Mr McMinn will have to address these challenges while NHSSC undergoes several other reform and transformation projects, and with relations between NHSSC and its customers the NHS trusts at a significant low.

The end of 2022 saw the challenging relationship between agency and trusts boil over into the public eye. In November, leading trust and integrated care system procurement leaders wrote to NHSSC and NHSE outlining their perceived failings of the organisation and its performance.

The letter raised their “concerns around the performance of [NHSSC] which is not only having a significant long-term impact on our teams, but is also starting to impact patient care to a point that local teams are struggling each day to mitigate the risks effectively”.

NHSSC’s chief executive Mr New defended his agency’s performance in an interview with HSJ, saying changes were being made but that “it will never be done at the speed that I want to work at – that’s just reality… clearly from the trust end they would love to see us jump from where we were last year to where we plan to be next year and they want to see it now.”

The agency is part-way through several projects to improve the infrastructure underpinning its operations, including overhauling the digital infrastructure for managing procurement and logistics processes.

Mr McMinn said in the internal communication: “Whilst at Plymouth, NHS Supply Chain played a significant role in my team’s success. I have often imagined working at NHS Supply Chain and I’m excited to finally do so, I cannot wait to get started.”
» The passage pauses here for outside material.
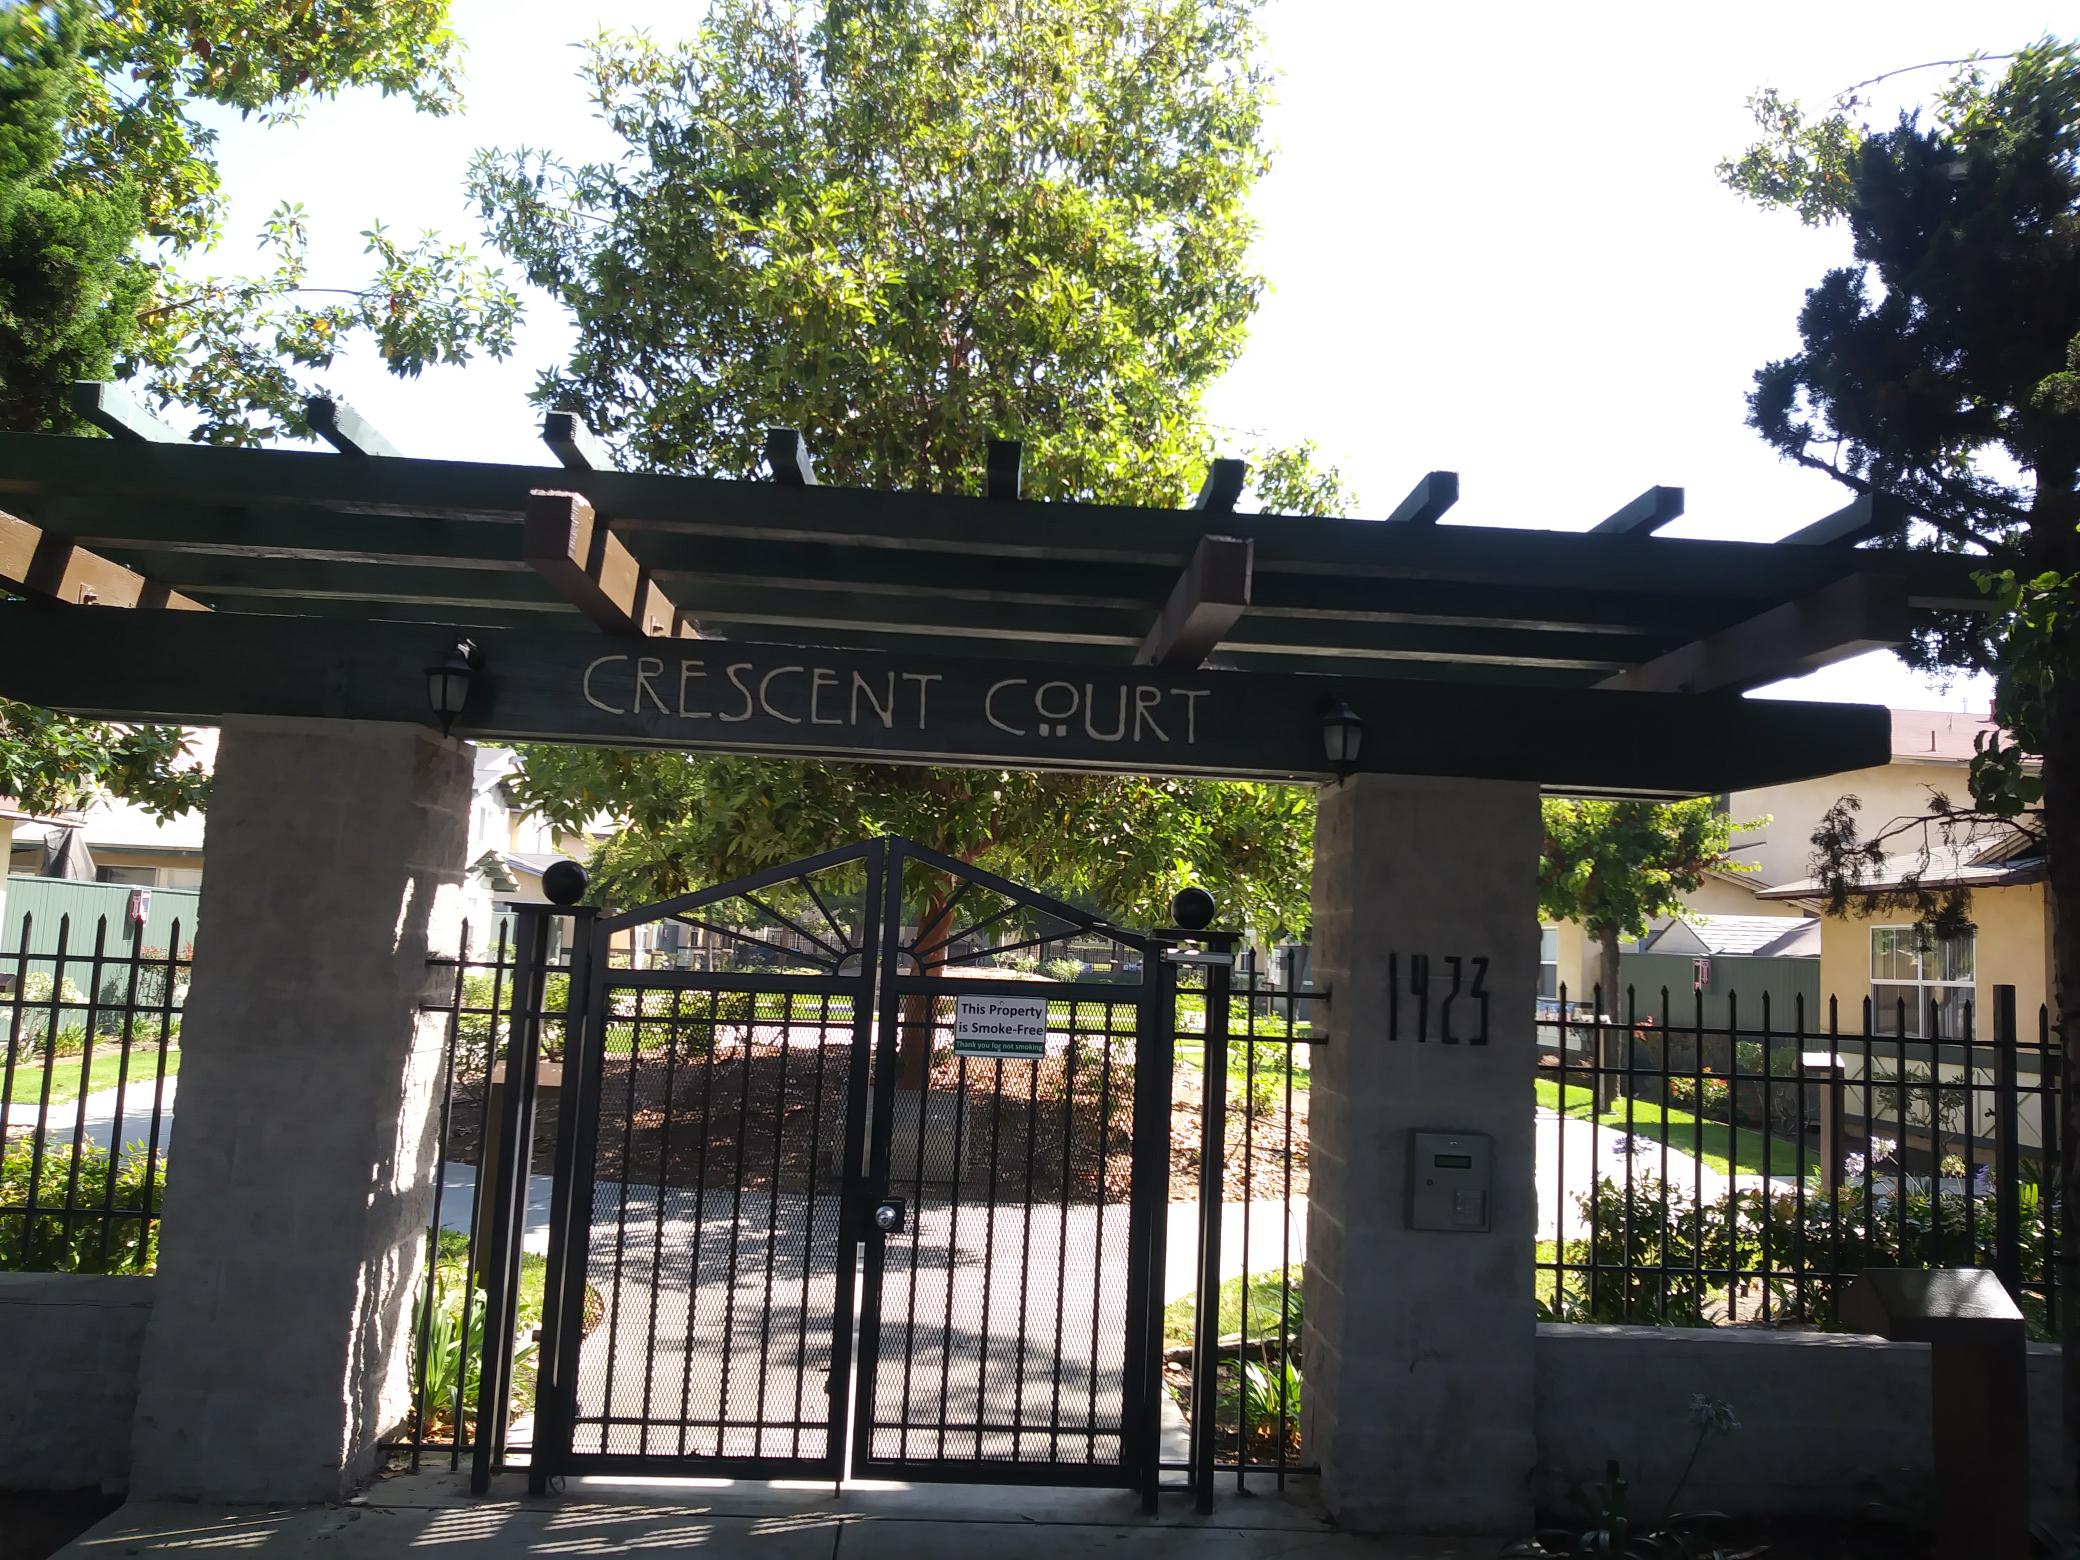 Front view of Crescent Court Apartments. Large gate leading into courtyard. Large tree in the center and on either side of it there is side walk access. Along walkway is grass and flower beds.

News of his appointment comes shortly after NHSSC announced the appointment of two new non-executive directors to the board of its management company, Supply Chain Coordination Limited.

Rommel Pereira and Mark Swyny joined the board on 1 January. Both have had careers in banking having had senior roles at the Bank of England and Lloyds Banking Group respectively. They both are also NEDs on NHS trusts: Mr Pererira at Homerton Healthcare FT and the London Ambulance Service Trust and Mr Swyny at Sussex Community FT.

“Their current NED roles on NHS trust boards also reflect our emphasis on continuing to put the perspectives of NHS trusts front and centre of everything we do to support the NHS,” SCCL chair Heather Tierney-Moore said.

Update: this post was updated at 11.29 on 9 January to clarify that Mr McMinn will be joining the executive board on 1 April.